Meskipun industri penerbangan di Indonesia berkembang sangat pesat dalam beberapa tahun terakhir, namun tetap menyisakan kekhawatiran terhadap kemampuan mereka dalam mengelola bisnis agar dapat bertahan. Kekhawatiran ini terutama berhubungan dengan keselamatan dan keamanan penumpang. Terlebih lagi saat badai pandemi melanda industri penerbangan dan mengakibatkan jumlah penerbangan turun drastis.

Praktis dalam satu tahun terakhir, masyarakat menghindari perjalanan lintas daerah juga lintas negara baik untuk niaga maupun wisata. Dengan diterapkannya berbagai pembatasan serta protokol kesehatan yang ketat, diiringi ketakutan akan penularan Covid 19, masyarakat umumnya memilih menunda atau bepergian dengan menggunakan kendaraan pribadi.
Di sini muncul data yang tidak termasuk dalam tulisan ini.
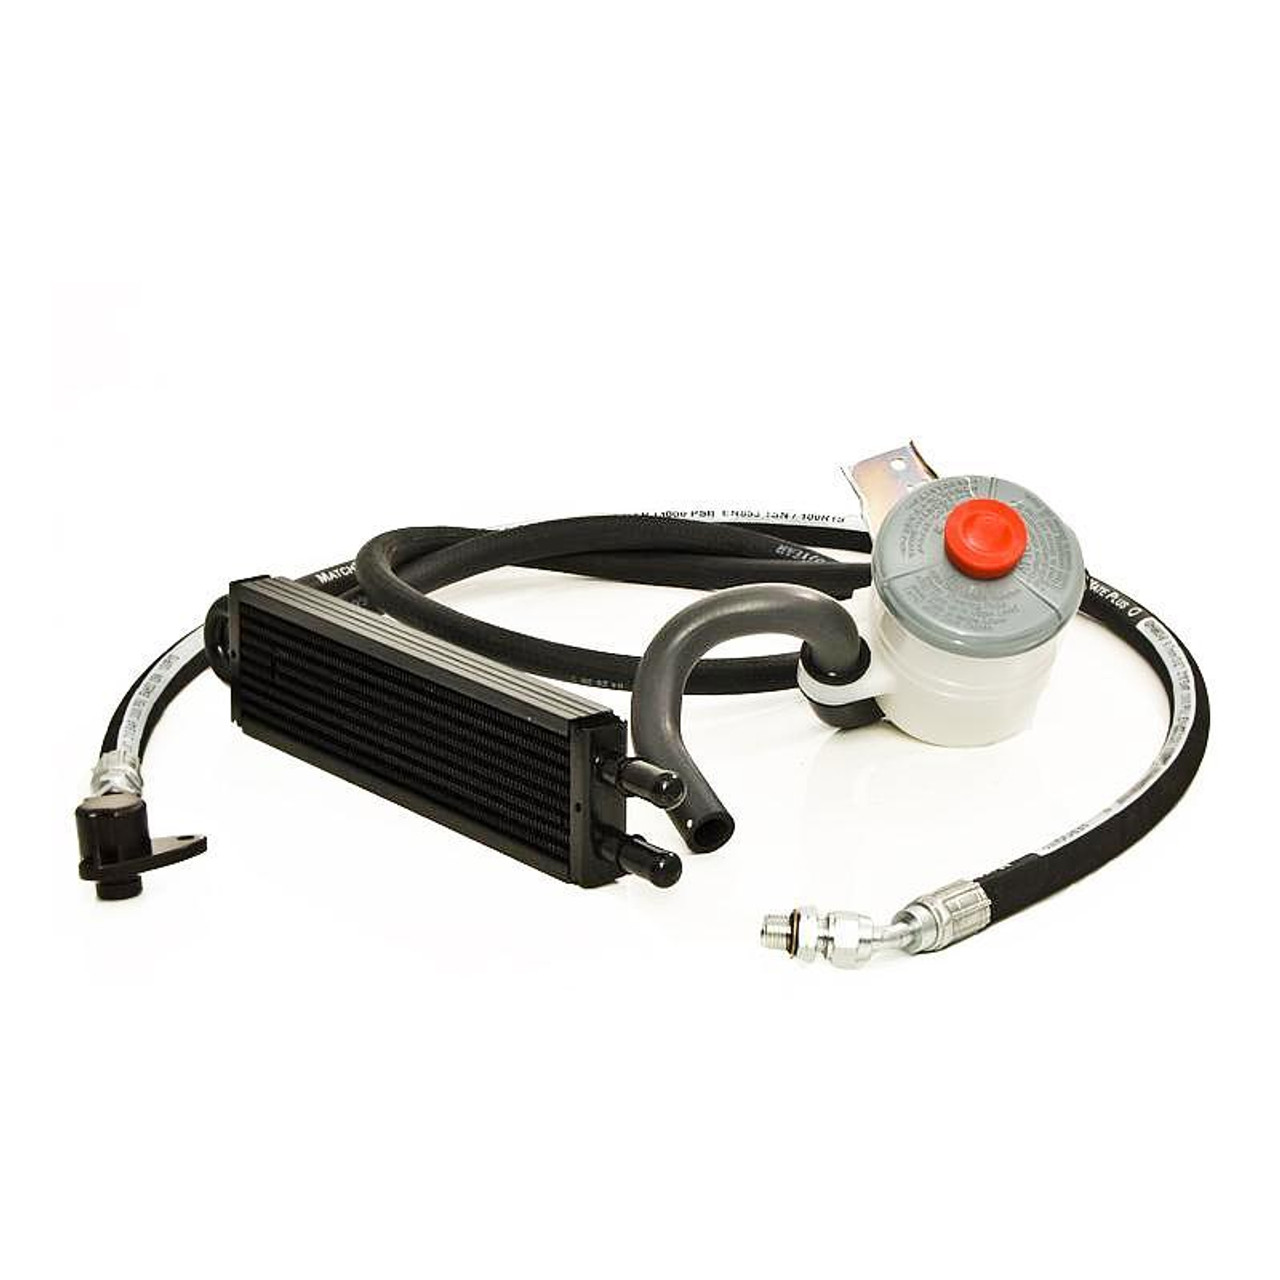 Hybrid Racing - RHD Power Steering Conversion Kit (92-00' Civic   94-01' on 4th gen prelude, red prelude, jdm honda prelude, 2011 honda prelude, rwd prelude,
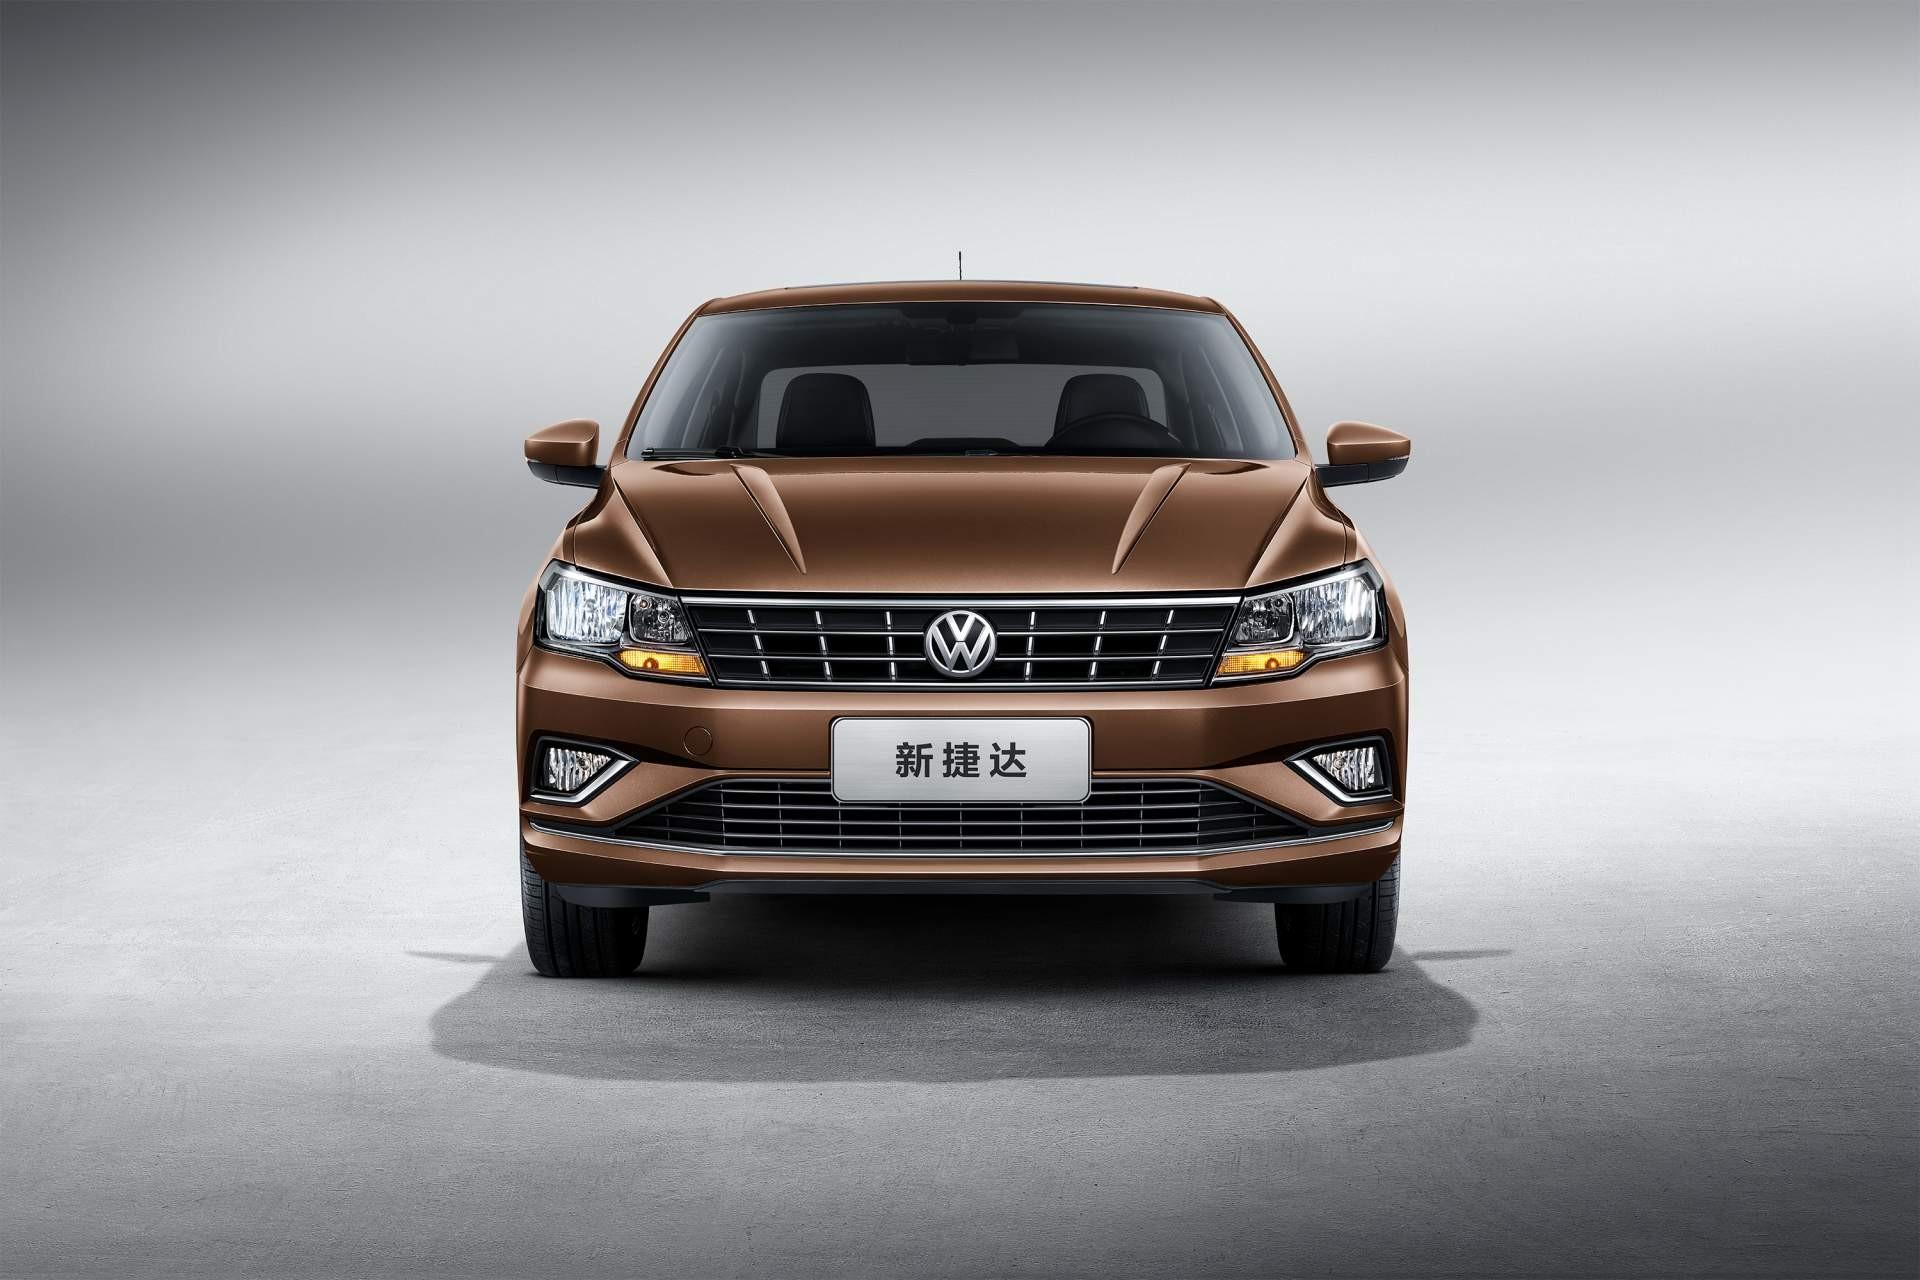 Jetta станет бюджетным брендом VW в Китае 1

Dampak pandemi terhadap kondisi kesehatan keuangan maskapai salah satunya diakui oleh PT. Garuda Indonesia yang per September 2020 sudah membukukan kerugian US$ 1,07 milyar dibandingkan keuntungan sebesar US$ 122,4 juta pada periode yang sama pada 2019. Kerugian ini diakibatkan pendapatan yang terjun bebas sebesar 67,8 persen dibandingkan tahun lalu. Berdasarkan laporan keuangan yang mereka umumkan, pendapatan selama sembilan bulan di 2020 hanya mencapai US$ 1,13 miliar.

Dari laporan tersebut, dijelaskan pula bahwa biaya perbaikan dan perawatan menurun 14,3 persen menjadi US$ 337,5 juta sampai dengan quarter ketiga, dibandingkan US$ 393,5 juta pada periode yang sama di tahun 2019. Hal senada disampaikan oleh Air Asia yang sudah membukukan kerugian sebesar US$ 120,7 juta per September 2020. Angka tersebut sangat kontras jika dibandingkan keuntungan di 2019 pada periode yang sama, yaitu sebesar US$ 422 juta. Biaya perawatan dan perbaikan Air Asia pun menunjukkan penurunan sebesar 48,1 % jika dibandingkan periode yang sama pada tahun 2019.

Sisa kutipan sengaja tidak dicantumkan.